Rusia. Campeón olímpico en lucha grecorromana, más de 110 kg., en 1988, 1992 y 1996. En cien años de Juegos Olímpicos, ningún campeón, antes de la aparición de Alexandre Karelin, tuvo el honor de ser por tres veces abanderado de su país. Cuando Viktor Kouznetsov,buscador de talentos deportivos, vio a Alexandre Karelin, en una de sus visitas rutinarias a la escuela, su imponente físico de 14 años (1,78 metros y 78 kilos), se dio cuenta que tenía ante él a un posible luchador de primer orden. Una vez terminado su crecimiento, Alexandre Karelin se convirtió en un atleta de potencia impresionante: 1,92 de estatura, 130 kilos de peso y una envergadura de más de dos metros.

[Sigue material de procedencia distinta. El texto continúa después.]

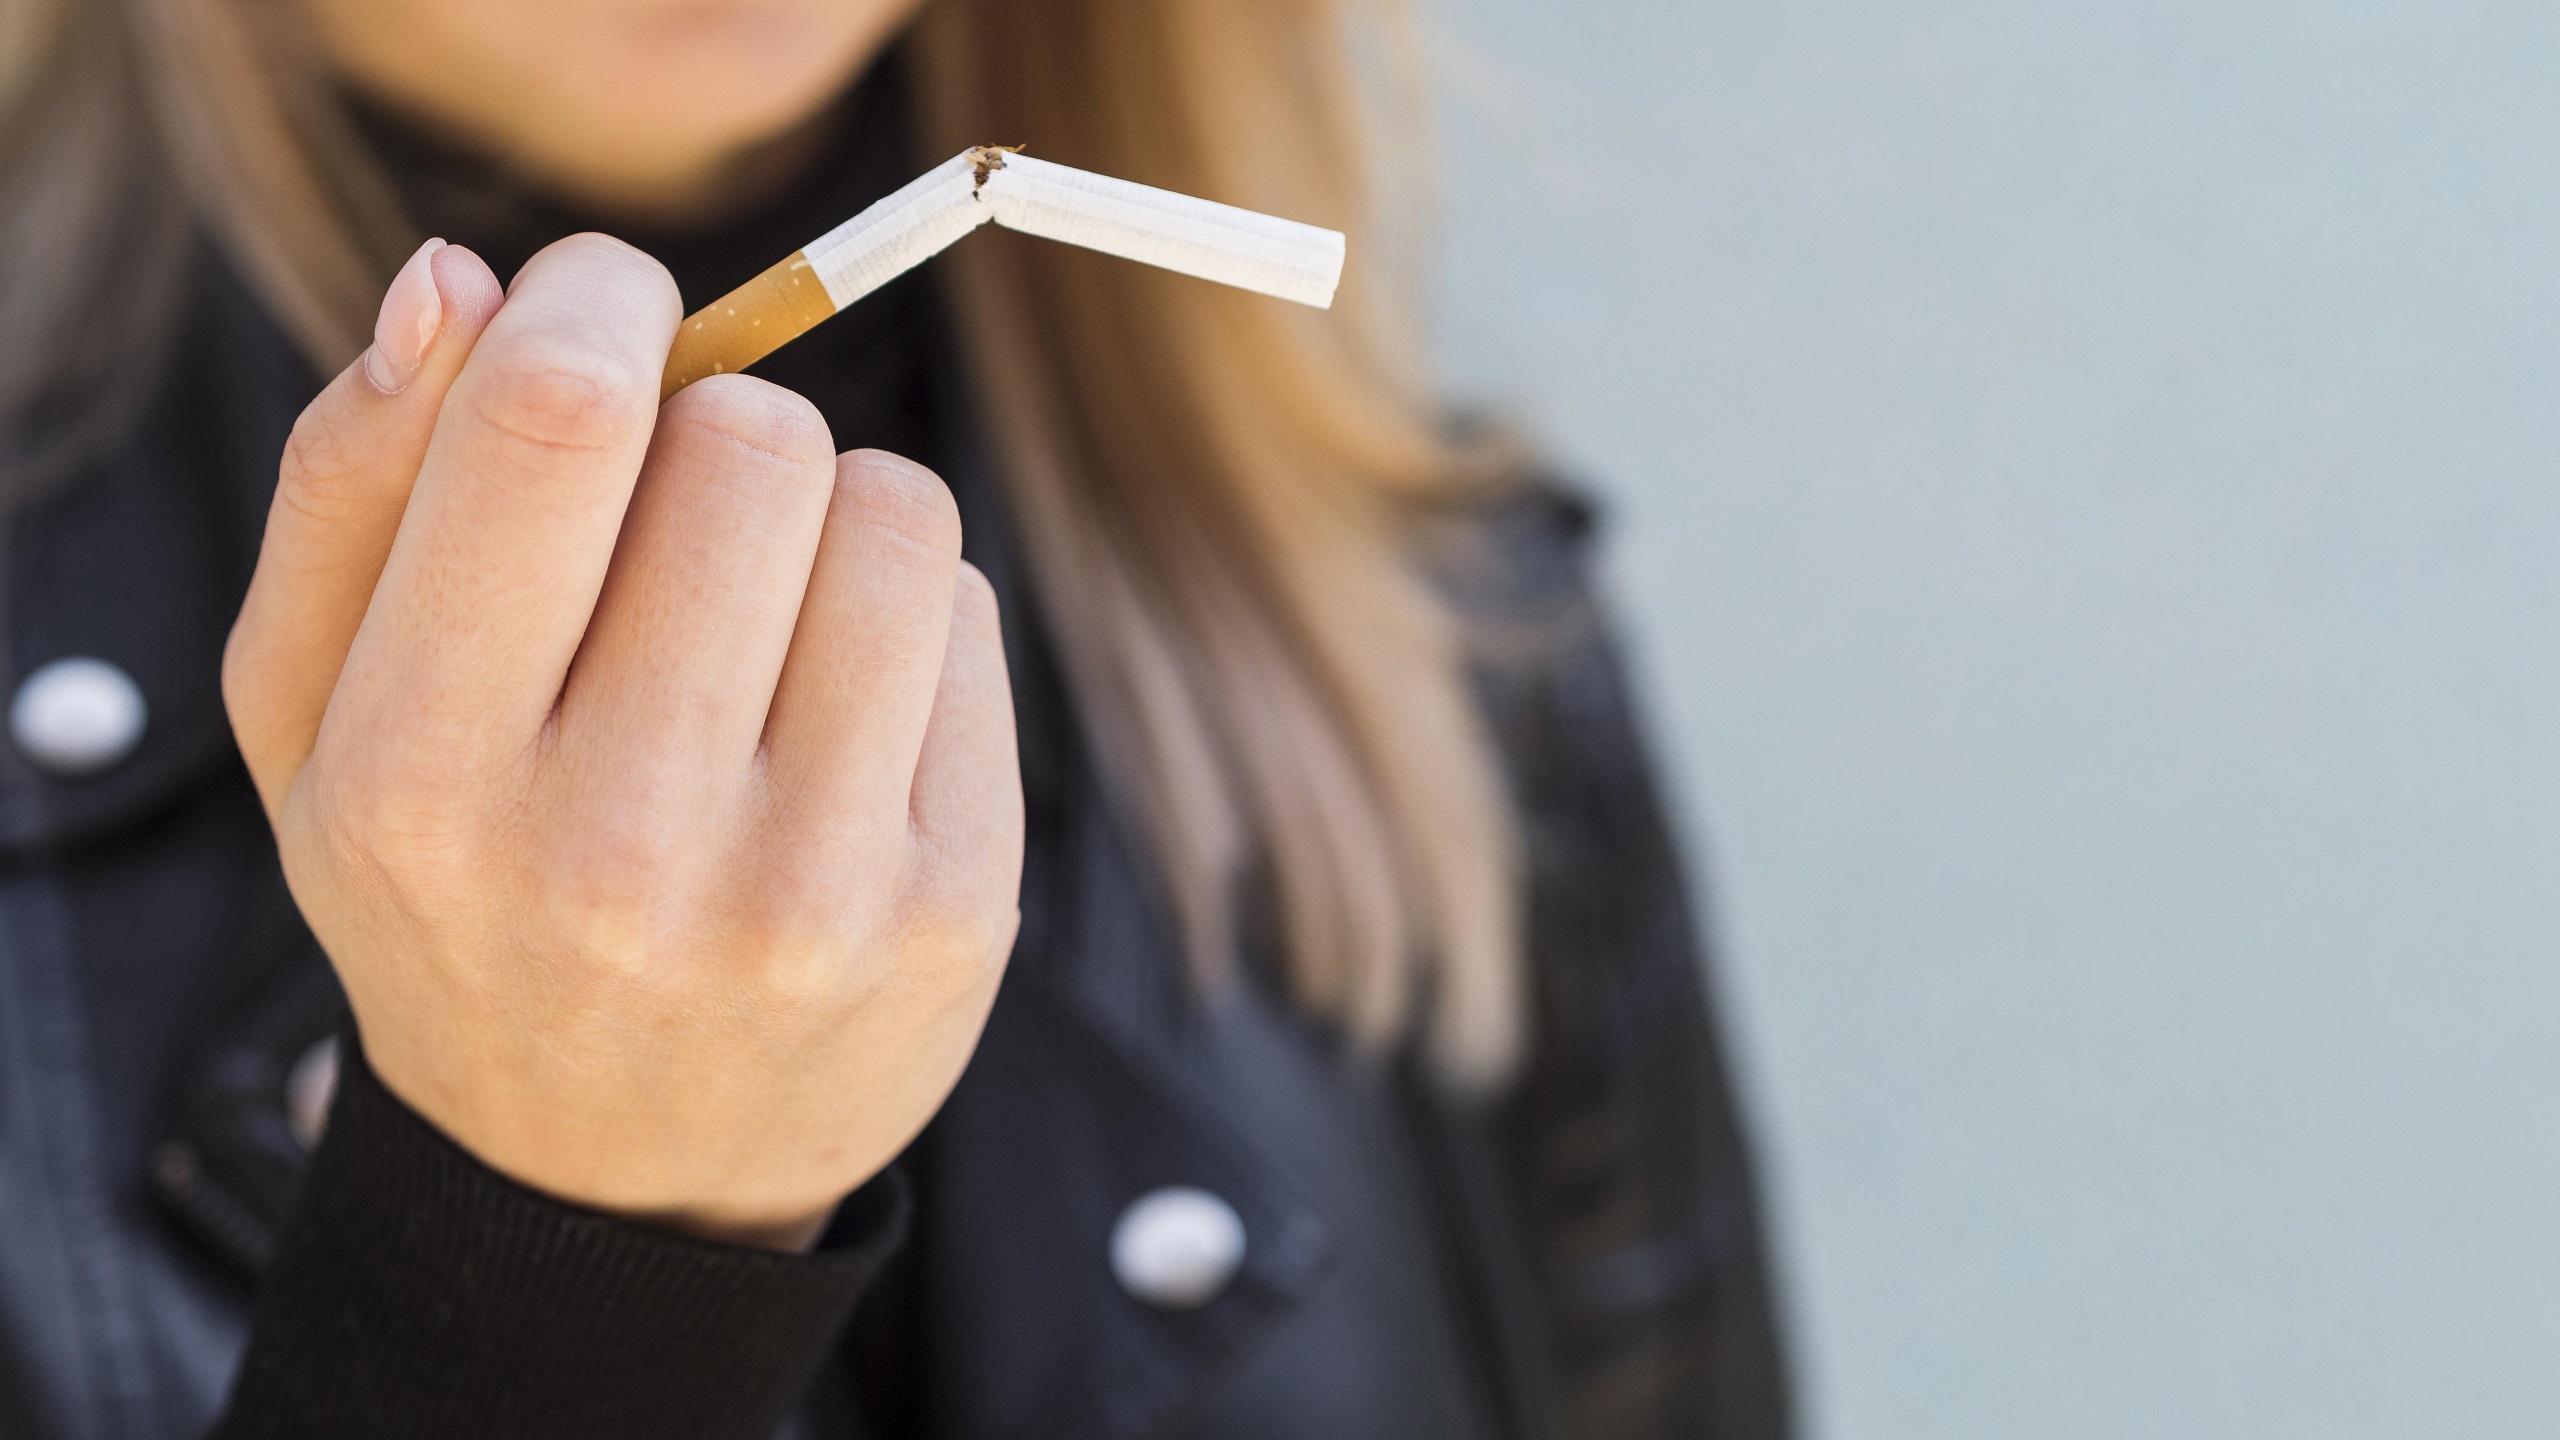 Smoking Kills 8,000 Israelis Every Year: Health Ministry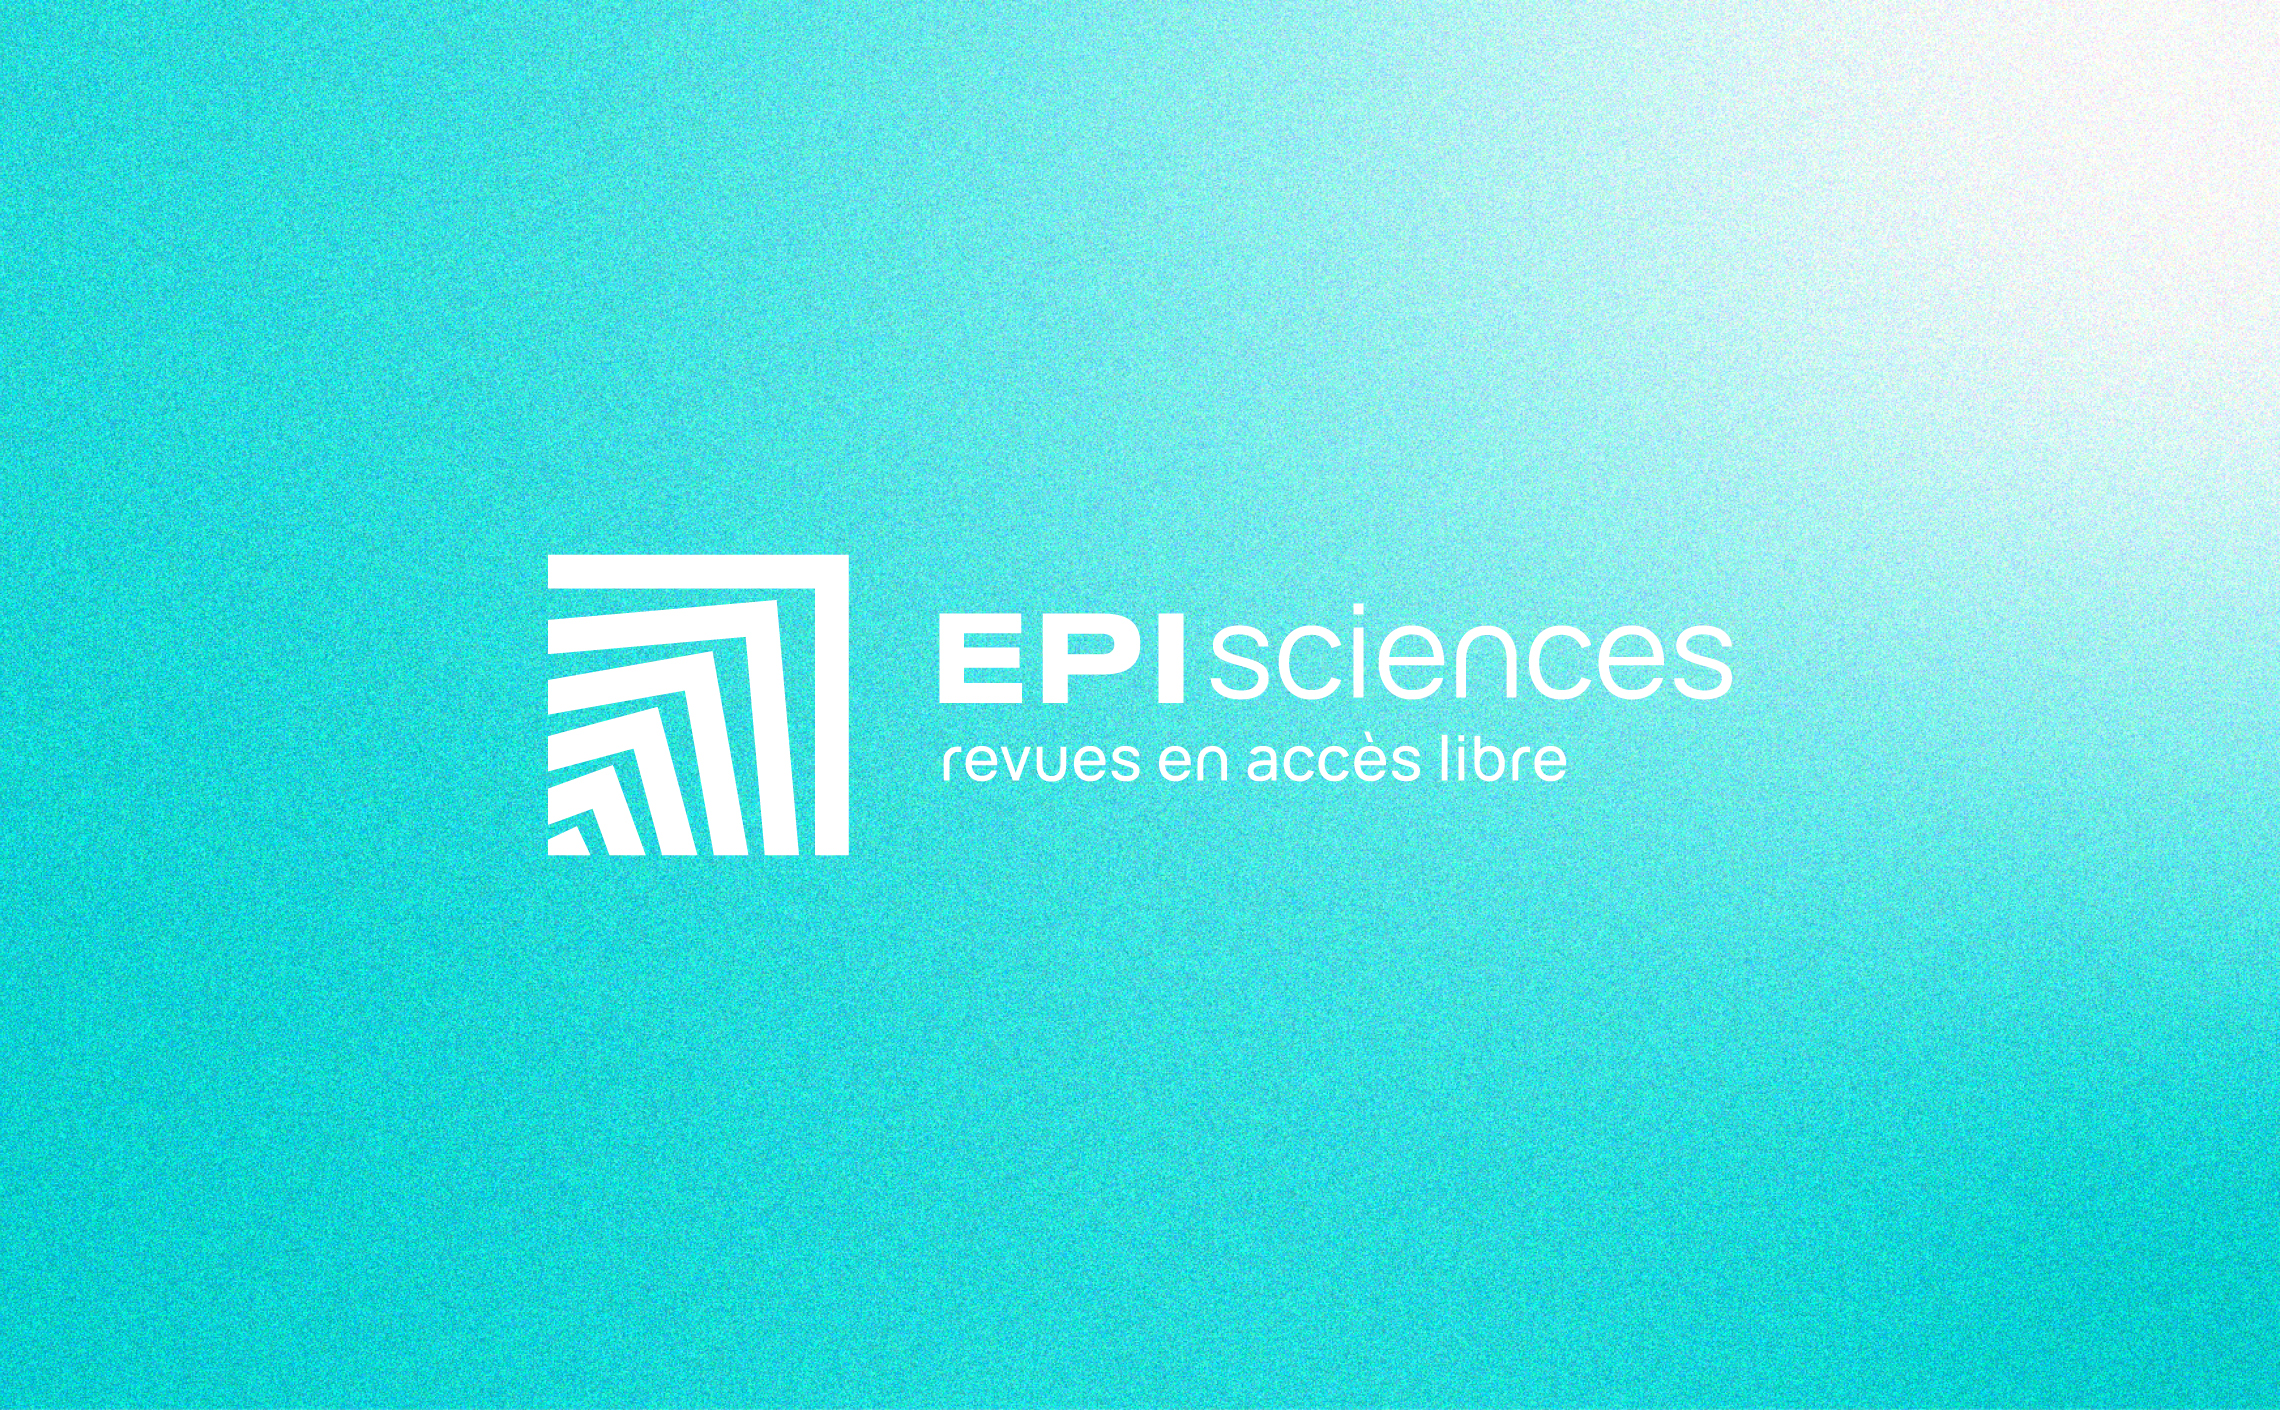 44-EPI-sciences-overlay-journal-logotype-design

Esto era una verdadera trampa para sus adversarios, este atleta completo que práctica el baloncesto y el esquí, es también capaz de levantar 190 kilos de peso, o correr 3 kilómetros en menos de once minutos. No es sorprendente que este campeón no haya conocido la derrota desde 1988.

Comienza a entrenarse dedicando tres sesiones de una hora y media a su preparación física y técnica con ejercicios de suelo, sin tiempos muertos ni de recuperación para mejorar su resistencia. Añade a esos trabajos forzados largas carreras y trabajo de musculación con pesas. Juegos de Seúl de 1988. En este torneo Alexandre Karelin masacró a sus rivales antes del límite de los seis minutos reglamentarios.





Tras un desgarro en un pectoral, producido en la semifinal de los Campeonatos de Europa de Budapest de 1996. A pesar de que le aconsejan guardar dos meses de reposo, la cercanía de los Juegos de Atlanta, que empezaban en cinco semanas, le hicieron comenzar a entrenar. Aún a pesar de no estar en plenas facultades barre uno tras otro a todos sus adversarios. Su último oponente en la final es el americano de origen iraní, Matt Ghaffari. Ante su público Ghaffari espera romper la leyenda de imbatibilidad de Karelin, pero al igual que en sus 21 combates precedentes, “Alejandro el Grande” domina a su rival a quién lleva al suelo balanceándolo por encima de su cabeza. Este movimiento le basta a Karelin para marcar un punto. En 1997 y 1998, gana el Campeonato Mundial, y éste último año consigue también el Campeonato de Europa. Ningún luchador desde Atenas en 1896, ha conseguido una proeza semejante en los Juegos Olímpicos.